In town, Kathy finds a tape from Joseph in the police archives and gets involved in a case he himself had been investigating - a child prodigy painter named Lily Myers who drowned in 1975 in an apparent suicide, most of her artwork having been stolen right after it was acquired by art collector Charles Wade, whom was also one of Joseph's colleagues in the USAF. In addition, Kathy also encounters an old overdeveloped photograph concerning three strange lights (resembling the will-o'-the-wisps) as well as a red flower, which Kathy later learns to be the Red Scythe, an endangered species of flowers known to cause hallucinations as a side effect.

Investigations into both leads both point to the local Church of the Holy Trinity - whose symbol is very alike the three strange lights in Joseph's picture - where Kathy suspects the local priest, Father Isaac, is running a cult utilizing the Red Scythes to influence people like Joseph and Lily. At the same time, Kathy's college roommate Eileen Summers arrives to try and aid in the investigation, but is then caught by Isaac while trying to infiltrate the Church. Learning of this and in spite of being arrested in an attempted invasion, Kathy manages to escape imprisonment, rescue Eileen and knock down and expose Isaac for kidnapping as well as his involvement in the robbery of Lily's paintings. However, Eileen is left in a catatonic state, similar to what happened to Joseph.

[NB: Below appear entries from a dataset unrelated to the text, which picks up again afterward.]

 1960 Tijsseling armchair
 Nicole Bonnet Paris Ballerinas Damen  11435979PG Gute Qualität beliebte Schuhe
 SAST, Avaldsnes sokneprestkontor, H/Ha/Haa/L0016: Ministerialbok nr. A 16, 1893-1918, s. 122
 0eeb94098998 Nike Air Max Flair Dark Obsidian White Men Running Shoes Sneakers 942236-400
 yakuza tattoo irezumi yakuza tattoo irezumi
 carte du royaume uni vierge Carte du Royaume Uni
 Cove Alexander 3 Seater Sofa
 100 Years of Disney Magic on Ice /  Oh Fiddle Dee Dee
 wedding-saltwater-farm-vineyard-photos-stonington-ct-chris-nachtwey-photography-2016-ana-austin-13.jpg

Confronting Isaac in jail, Kathy learns of Isaac's involvement with the Crimson One - a bald man in a red suit who had been influencing people over the years as well as appearing frequently in Kathy's dreams and visions. The Crimson One had also been frequently visiting Lily, and it's eventually revealed she started rejecting her gifts for painting, culminating in her committing suicide by proxy via her brother Nathan. Kathy visits Nathan, asking him more on the matter, and he guides her to a particular deep pit within Conwell Woods, surrounded by red scythes, where she finds the Crimson One and proceeds down into the pit, determined to save Eileen.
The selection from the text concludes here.